На болоте жили, по болоту ходили, в болоте хоронили.
Но не всё так плохо. Как леденец на палочке, так и деревня сидела на узкой дороге, связывающей Мхи с внешним миром. По ней вывозили торф, по ней привозили продукты в сельмаг, по ней уходили на фронт.
Сквозного проезда через деревню никогда не было. «У нас только стёжки да коровьи лепешки, – шутили мужики и договаривали: – Мы как блин из печи: дома по кругу, видим все друг друга».

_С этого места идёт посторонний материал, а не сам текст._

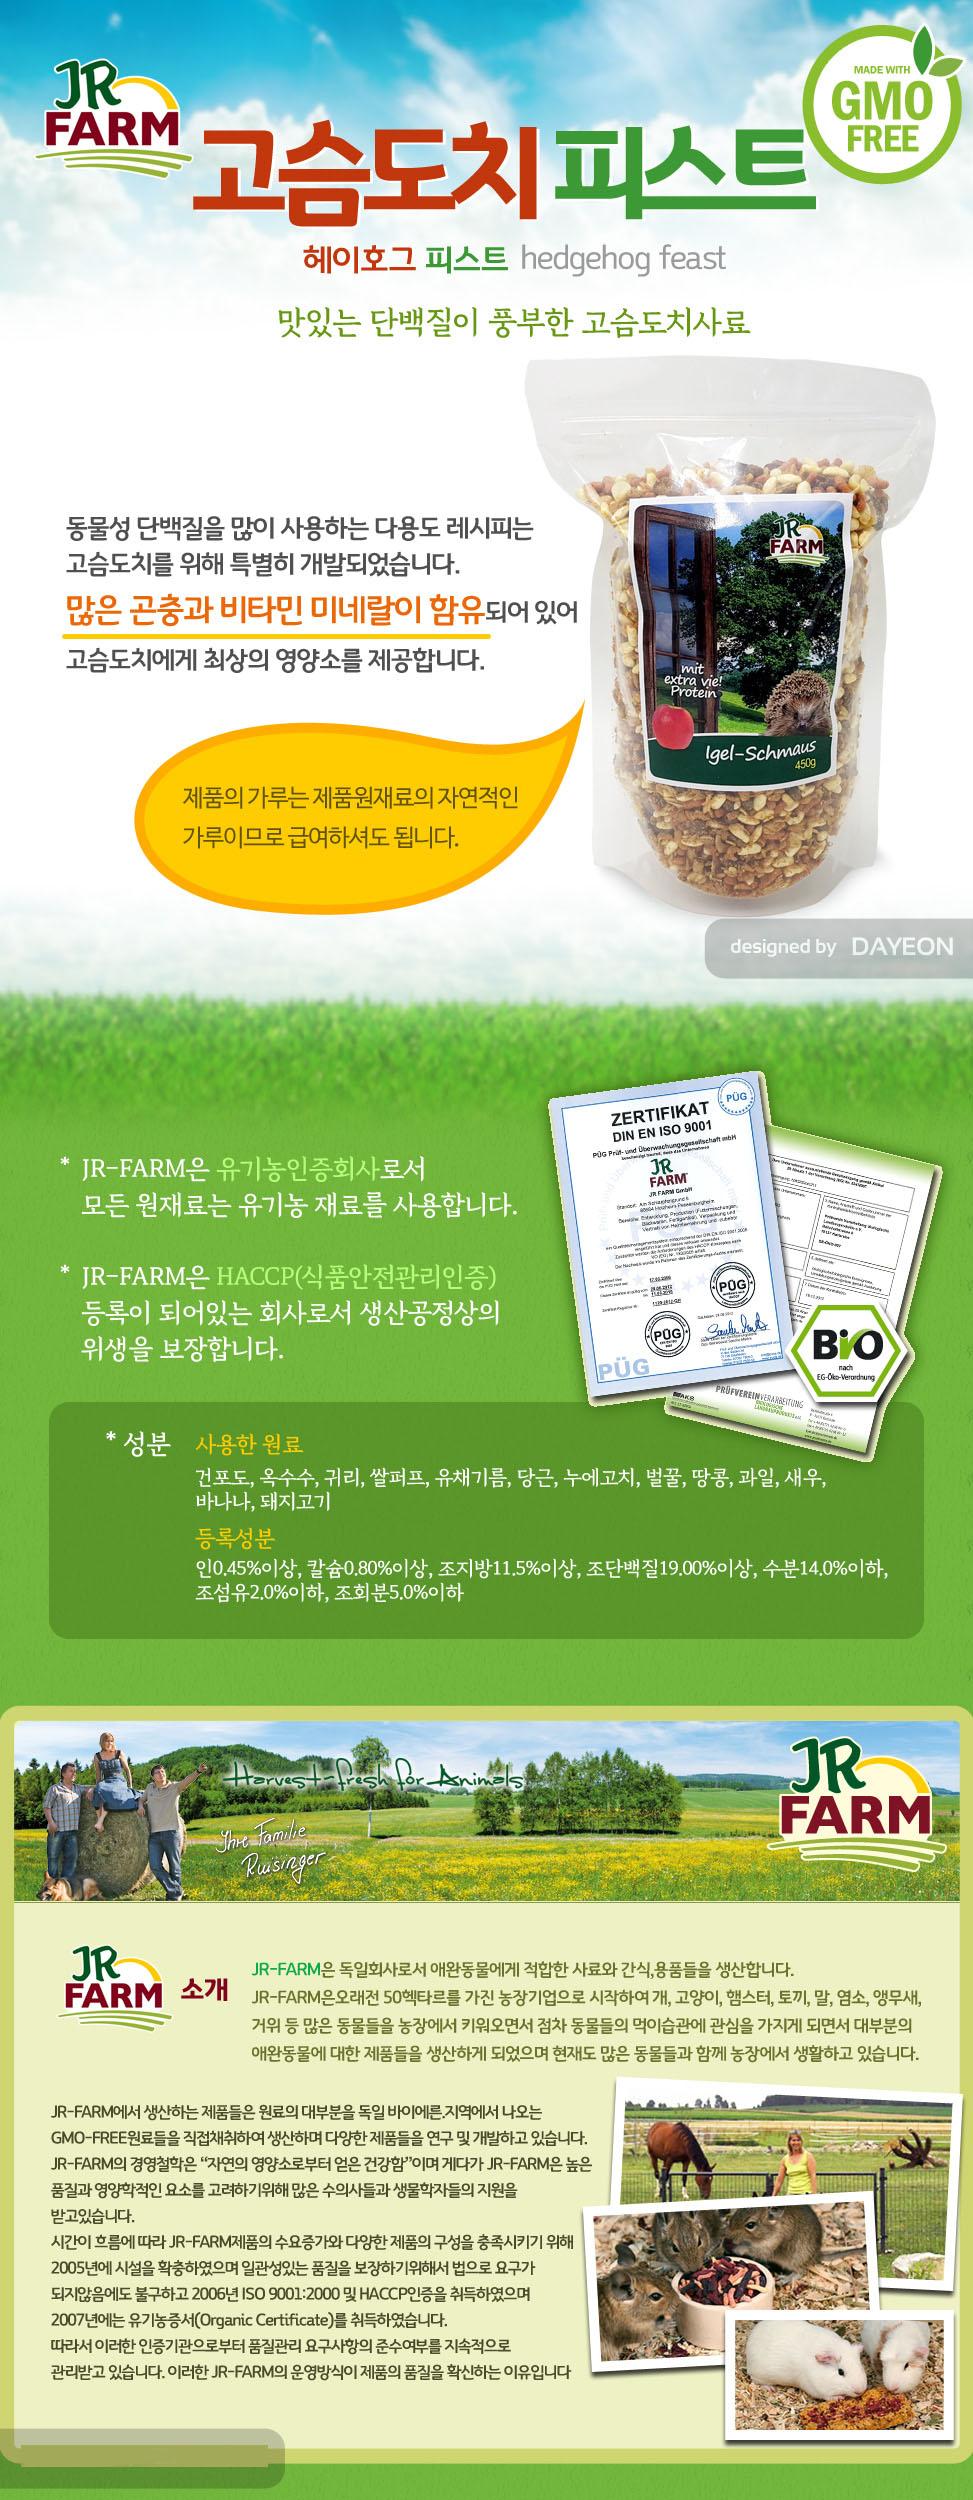 제이알팜 고슴도치(헤이호그)피스트 450g-.jpg

Проплешина среди болот имела дюжину домов, церковь, магазин. За деревней возле дороги, на самом краю Полудонного – или, как еще говорили, Полуденного – болота стоял длинный барак, бывший когда-то правлением Моховского торфяного товарищества. После национализации товарищество получило громкое наименование «Моховское торфопредприятие им. Ильича». Смена вывески привела к тому, что предприятие лет через пять перевели в разряд неперспективных – по причине экономической нецелесообразности. Виной была та самая палочка леденца, которая ранней весной и поздней осенью исчезала под слоем талой или дождевой воды. Болота в это время соединялись, и никто уже не мог понять, где между ними граница.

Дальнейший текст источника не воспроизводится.